ーーー何か、ちょうど良いものはないかしら。できれば治療した兵士本人からもらえるもの………。


「お嬢様。発言をお許しいただけますか?」


 壁に立っていたマリアが、突然声を出した。基本的には使用人が口を挟むことはないが、イルヴァが困っているの見かねて声をかけてくれたのだろう。

 それに彼女はちょうど良い塩梅の対価を思いついたように見えた。


「いいわ。何か良い案が?」

「はい。お嬢様の早朝訓練の許可をいただくのに合わせて、そちらの方に()になっていただいたらいかがでしょうか?」

「あら! 明案だわ! そうしましょう」


 マリアの提案にポンと手を叩くと、念のためイクセルの方を見た。対価として釣り合うかを確認するためだ。

 イクセルは急に可哀想なものを見るように、兵士を見た。しかし、反対はしてこないので、それなら良いと思ったのだろう。


「どこか場所をお借りして、早朝に城内で魔法をある程度使っても?」

「それは構わないが……的というのは?」

「直径3センチ程度の水魔法で攻撃するので、逃げ回るか、剣などで塞いで体に当たらないようにしてほしいのです。魔法操作の訓練なので、怪我はしないかと。1時間程度お付き合いいただければ」


 説明を聞いてディートリヒは明らかにホッとしたような顔をした。流石に対価のためとはいえ、流血沙汰になるようなことは避けたいだろう。


「ヨーゼフ、どうだ?」

「私も構いませんが……大金貨10枚に代えるには安すぎませんか?」

「ヨーゼフ殿、参考までに申し上げておこう」


 イクセルはそういうと、徐に立ち上がり、右手に水の玉を出した。ちょうどイルヴァが使おうと思っている3センチ程度の水の玉だ。

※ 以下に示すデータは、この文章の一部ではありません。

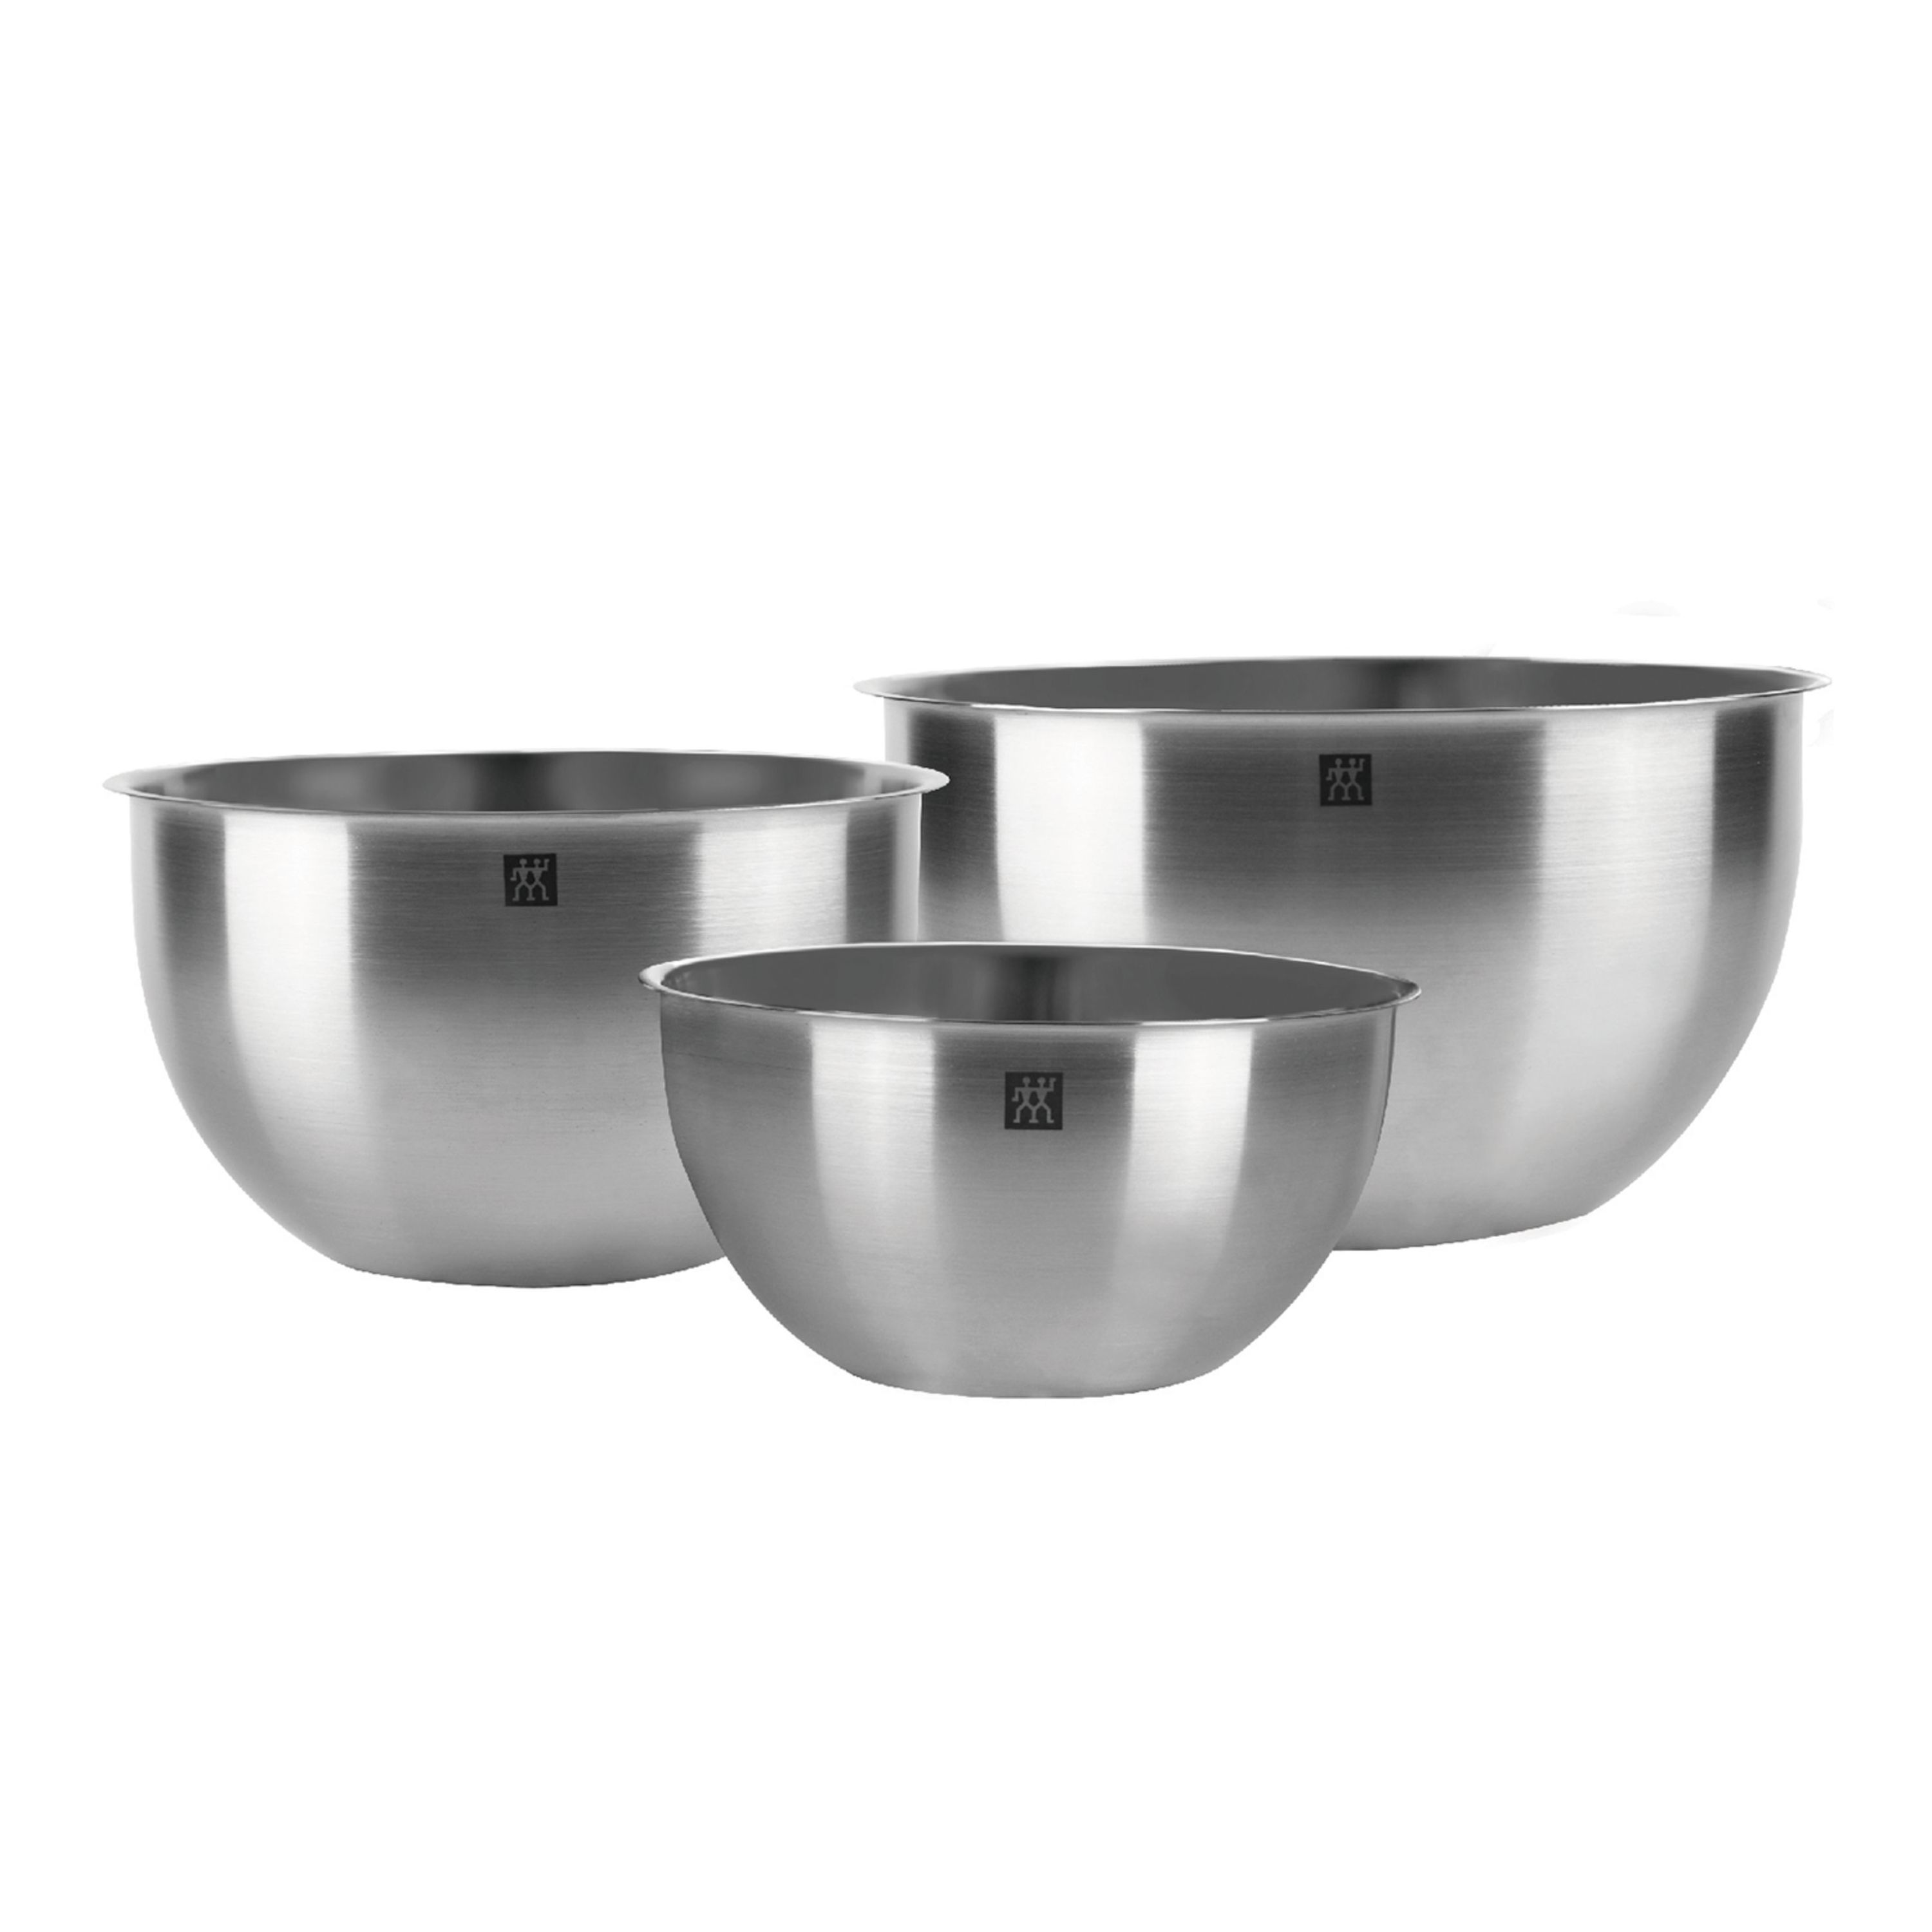 https://www.zwilling.com/on/demandware.static/-/Sites-zwilling-master-catalog/default/dwa219e4aa/images/large/40202-005_1.jpg

「このサイズの水が、永遠に襲いかかってくる。痛くはないがほとんどの騎士は30分以内に力尽きる訓練だ。フェルディーン家では、もはや罰則に近い。大金貨10枚で逃れられるなら、我が家の騎士の半分は金貨を選ぶと断言できる」  


 確かに最初は相手をしてくれていたフェルディーン家の護衛騎士たちも、1回体験すると、次は嫌がられる。たまに騎士団長が罰則扱いでイルヴァに差し出してくる始末だ。


「それでも、妹の訓練につきあっていただけますか?」

「もちろんです! 右腕がなかったとはいえ、一線を退いていたわけではありません。30分以上、耐えてみせます!」


 ヨーゼフは生真面目な兵士らしく、胸に手を当てて答えた。

 こうして、ひとまずヨーゼフの治療の対価については決まった。


 ヨーゼフは退席し、一同は中断してしまった食事を再会した。

 食事会は和やかに進んだ。イルヴァとエリアスの馴れ初めといった雑談から始まり、最近のリズベナー公国での魔法研究についても話が広がった。

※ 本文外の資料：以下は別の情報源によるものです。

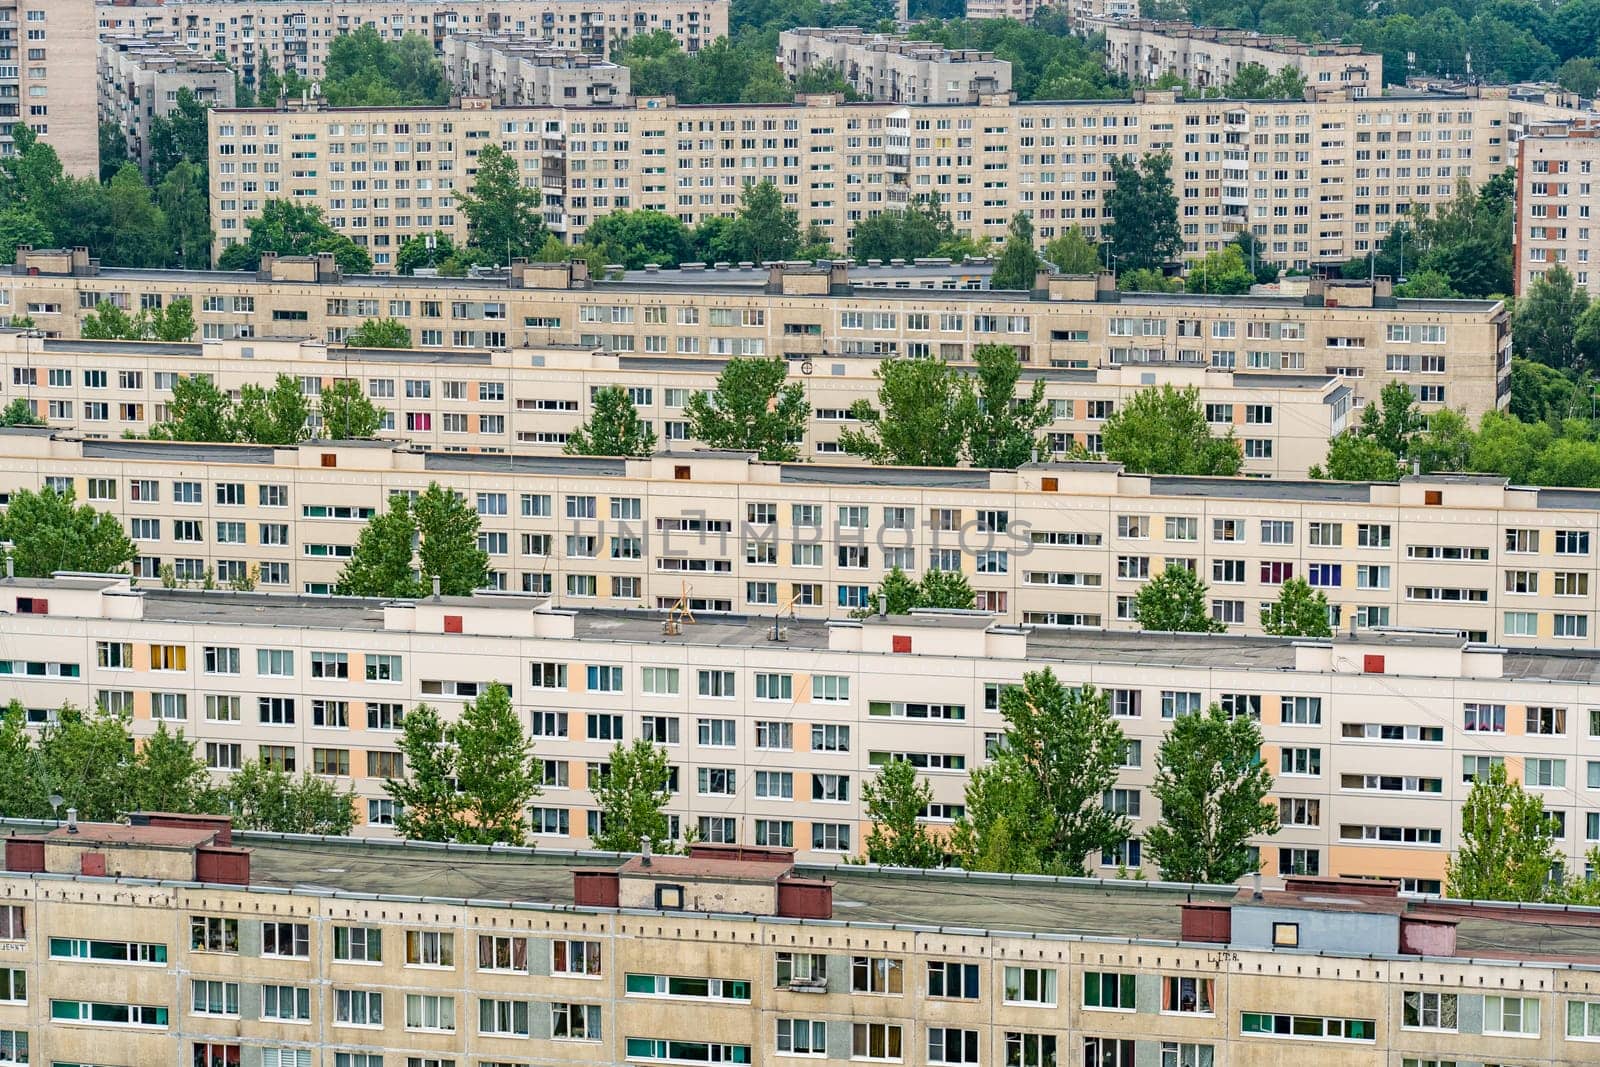 Multi-storey residential apartment buildings in a residential area

「最近、国内で発見され、新魔法の発見論文として発表された鑑定魔法という魔法があります」

「ローレンツ・ヴァルツァー氏の論文ですね」


 アマーリアが例に挙げたその魔法は、イルヴァも興味があったので覚えている。ローレンツは鑑定魔法以外にも、シュゲーテルの発展とは違う分野の魔法を数々発表している研究者だ。


「ご存知でしたか」

「彼の論文は一通り読んでいます」

「もしよければ、ローレンツと会ってみませんか?」

「……お会いできるのですか? 人嫌いで隠棲していると聞きましたが」


 俗世から離れて生きている男でも、大公家には逆らえないということだろうか。

 

「人嫌いですが、魔法理論の研究者は別です」

「対価に何をお望みですか?」


 国をきっての研究者に合わせてくれると言うのだから、もちろん頼み事があるのだろう。

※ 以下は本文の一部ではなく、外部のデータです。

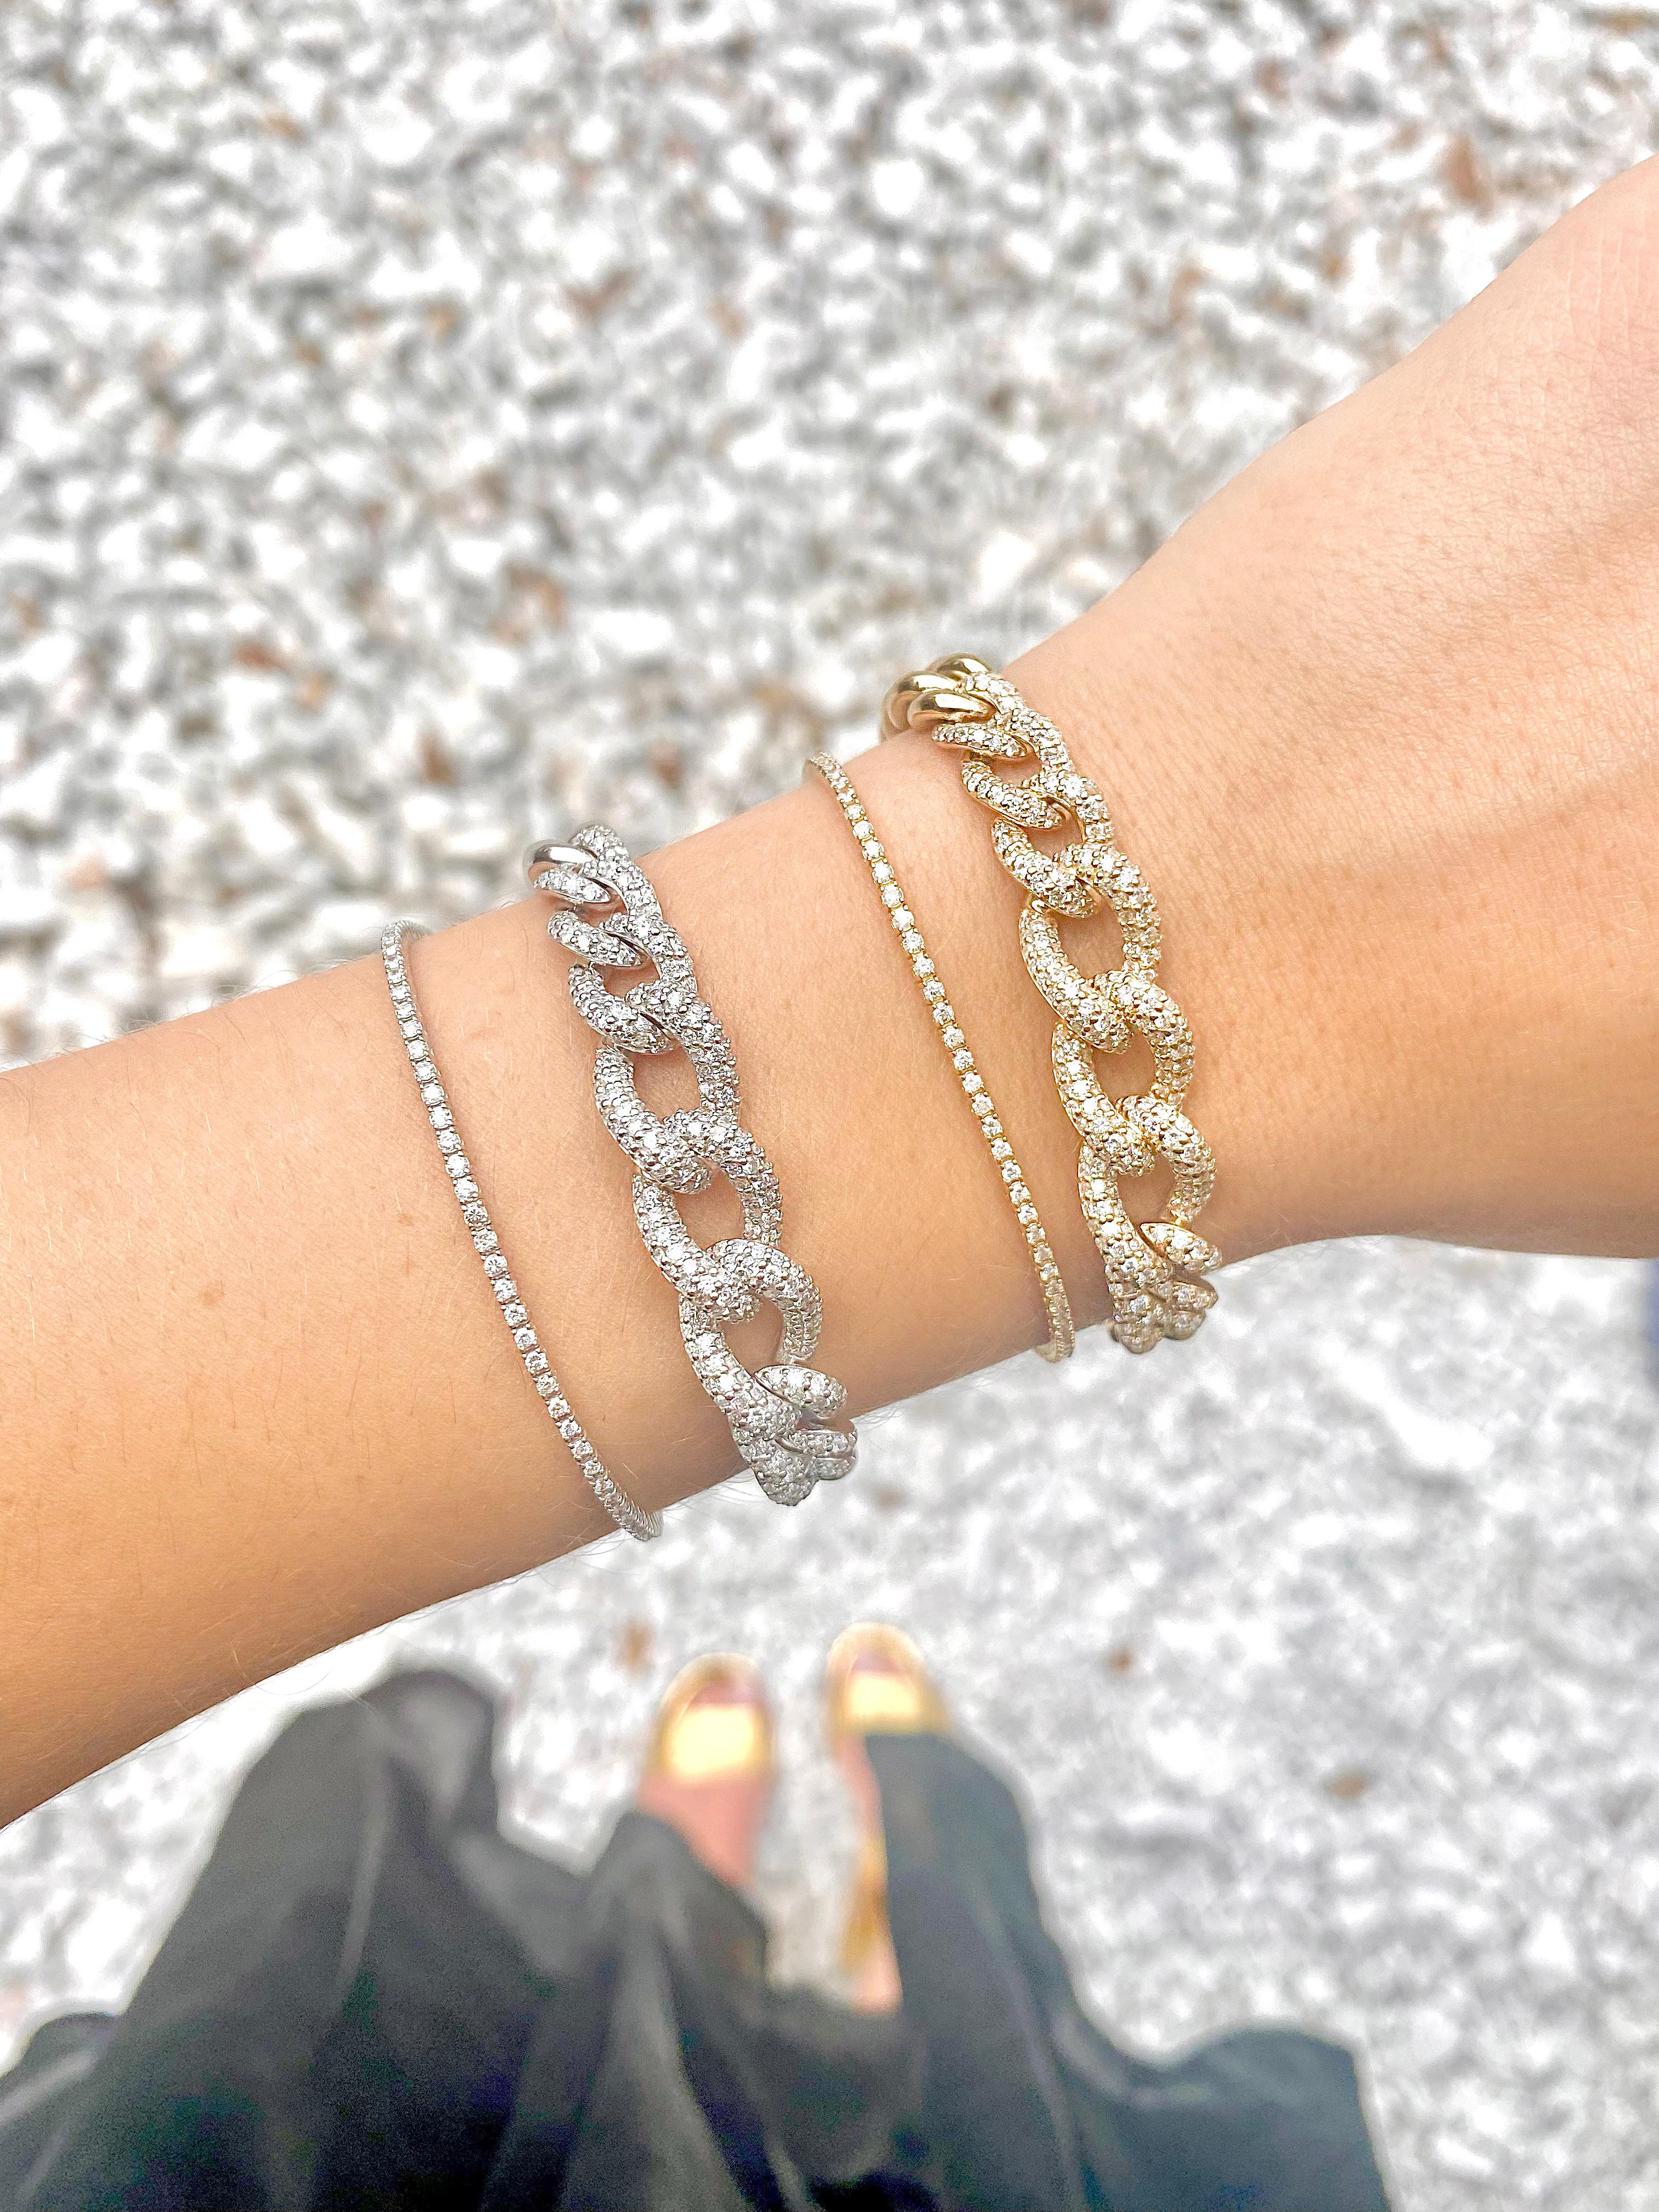 One carat tennis bracelet is a perfect addition to your jewelry wardrobe. A string of diamonds around your wrist will look perfect with your luxury watch or paired with other bracelets! The 103 round brilliant cut diamonds are awesome quality! There

「彼はこの国で数少ない光魔法を扱える者です。彼と弟子数人に治療魔法を指導いただけないでしょうか?」


 これは悩ましい提案だ。ローレンツ・ヴァルツァーはイルヴァが会ってみたいと思っていた人物のうちの1人だ。

 しかし、光の治療魔法は、かなり才能に左右される魔法だ。彼が優れた研究者であることを考えると、本人なりに既に努力した可能性が高い。

 光魔法自体が、研究が最も進んでいない分野のよく分からない魔法なのだ。


「ちなみに、ヴァルツァー氏とはお会いしてお話しするだけですか?」

「彼は鑑定魔法を扱えます。間近でご覧いただけるかと」

「それは……魅力的な提案ですね」


 対価は十分と言える。

 というよりも、若干もらい過ぎになる可能性がある。フェルディーン家の利益を尊重するならこのまま黙るべきだし、相手に対して誠実な取引をするなら、伝えたほうがいい情報がある。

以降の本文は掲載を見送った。